Тамбовец доказывал своим спутникам, что вообще с областью явно поспешили: границы округов определены наспех, губернские и уездные работники далеко не все получили назначения на областные посты, и вообще, в целом, будущее рисуется далеко не в четких перспективах.

— Да ведь крестьяне-то пахать будут, рабочие-то не бросят работать оттого, что границы округов не уточнены, — ввязался я в чужой разговор. — Ваше дело не строить, а руководить.

Кооператор и архивариус остались нейтральными, а прочие люди внятно объяснили мне значение правильного руководства и точной организации в нашей крестьянской стране — среди беспокойной стихии единоличников. Я молчал, как благодарный, не разубеждаясь в том, что настоящее руководство может быть помощью, а бюрократическое — всегда будет эксплуатацией, садизмом и вредительством. То руководство, которое обращается за помощью к массам, само, следовательно, способно помочь рабочему и крестьянину выбраться, раздавить живой силой затруднения и выпрямить кривую революции. В этом весь смысл самокритики.

*
Воронеж, это степная колыбель русского флота; это, еще ранее, крепость против татарских всадников на высшей точке водораздела меж реками Доном и Воронежем. С того места, где ныне стоит Митрофаньевский монастырь, открывается воздушное прозрачное пространство в дальнюю заречную степь, с расстоянием до горизонта верст на тридцать, на сорок. Тут и была некогда крепость и деревянная башня с дежурным наблюдателем. Отсюда же, в годы перемирий, видно было, как везли товары русские купцы к византийцам и грекам по Калмиюсской сакме — татарской дороге по обочине Дона. И тогда наблюдатель слезал по крутой лесенке с башни и шел к девушкам на посиделки — песни петь и угощаться.

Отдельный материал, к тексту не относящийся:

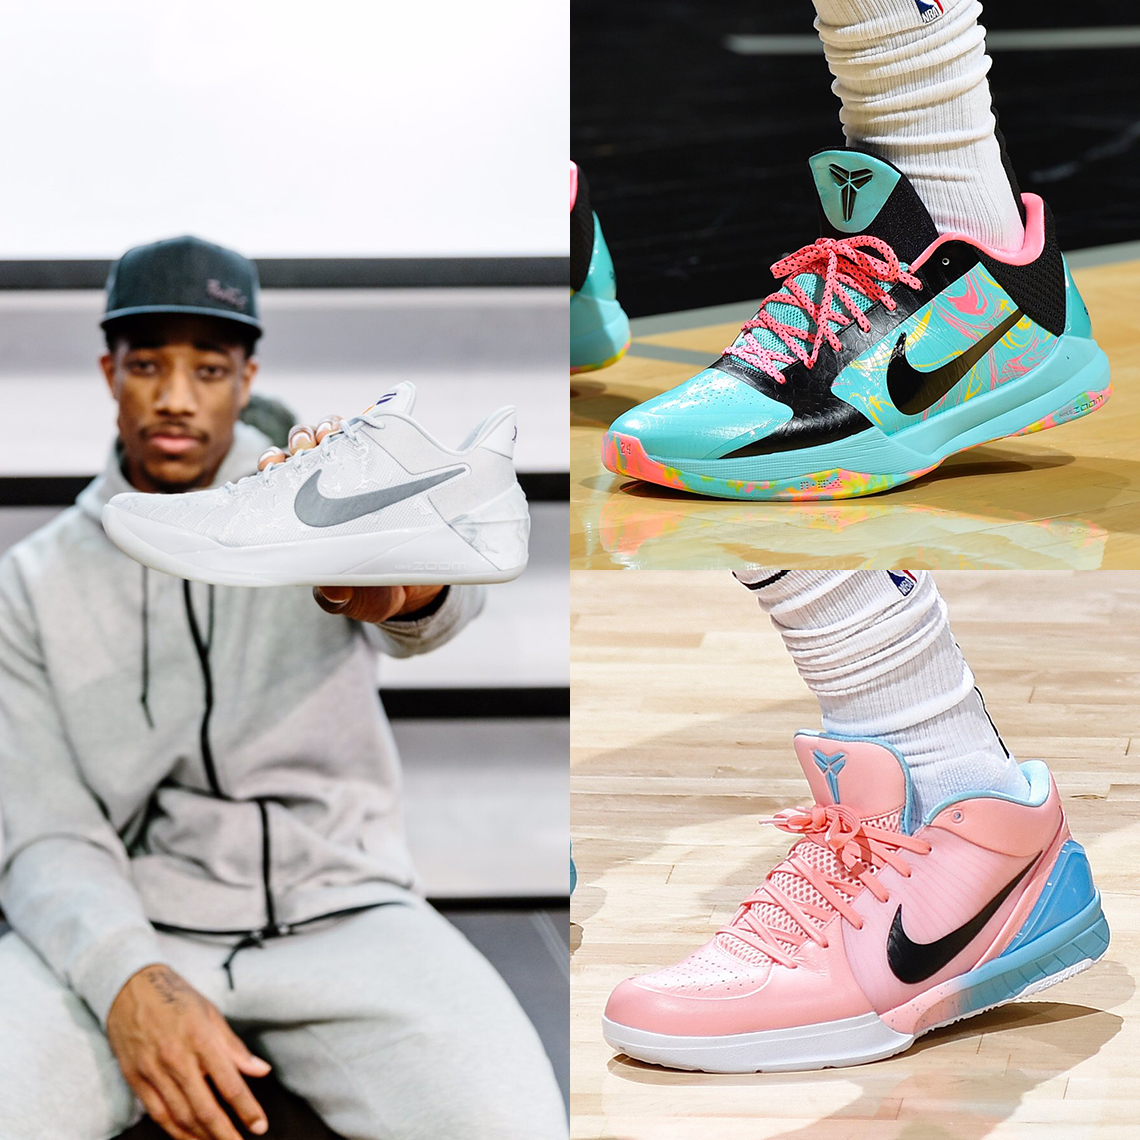 UNBOXING: Kobe Bryant LA Lakers Mamba Edition Nike Authentic NBA

Затем в Воронеже и его окрестностях появились святые угодники — по существу, колонизаторы девственных равнин и охранители мира на торговых путях. Они из укрепленного военного поста создали коммерческую базу и вспомогательный ямщицкий поселок для транзитных операций среднерусских княжеств с юго-востоком.

Позднее через Воронеж шло несколько чумацких солевозных трактов, затем они заросли травой, и само направление их было забыто, а впоследствии — распаханы.

Вслед за последними угодниками — Митрофанием Воронежским и Тихоном Задонским — явился Петр Первый, угодник европейской технической цивилизации. Митрофанию Петр был современником, и я в детстве видел золотую карету, хранимую монастырем, в которой царь и святой ездили вместе на воронежскую кораблестроительную верфь. В раннем же детстве я жил в Задонске и слышал от деда, через мать, что некогда в Задонск приезжал Достоевский— посмотреть на знаменитый монастырь, где жил Тихон Задонский, сокровище души Достоевского, как он сам об этом потом писал. Дед был золотых дел мастером, работал на монастырскую ризницу, издавна был связан с монастырем, и, наверное, слух о посещении Задонска Достоевским имеет некоторые основания. Возможно, Достоевский переписывался с настоятелем монастыря, чтобы получить сведения о жизни Тихона, когда думал о написании «Братьев Карамазовых». Черты Тихона Задонского, как известно, запечатлены Достоевским в старце Зосиме и отчасти в Алеше.

Петр Первый превратил Воронеж в русский Амстердам, — выписал сюда гвардию голландских, английских и немецких инженеров и здесь же задумал прорыть канал на соединение Дона с Окой, начал его строить, но не докончил*До 1910 года сохранялись в Тульской губернии остатки этого канала — под именем «Епифаньевских шлюзов».. Этот канал был отцом современного Волго-Дона, а город Воронеж послужил источником технических сил, опыта и снаряжения для Доно-Окского Водного Хода. Так что судостроительный, гидротехнический Воронеж является дедушкой Волго-Дона и будет со временем пользоваться трудами своего внука.

Петр, говорят, обездолил леса всего края на постройки верфей, шлюзов и кораблей. Петр знал толк в материалах и требовал, как истый первоклассный инженер, лес высшего качества даже для постройки вспомогательной лодки. После Петра леса начали вырождаться и в наши дни превратились в так называемые леса местного значения, то есть мелкие полукустарниковые породы. Петр, стало быть, бессознательно сыграл роль родоначальника лесов местного значения.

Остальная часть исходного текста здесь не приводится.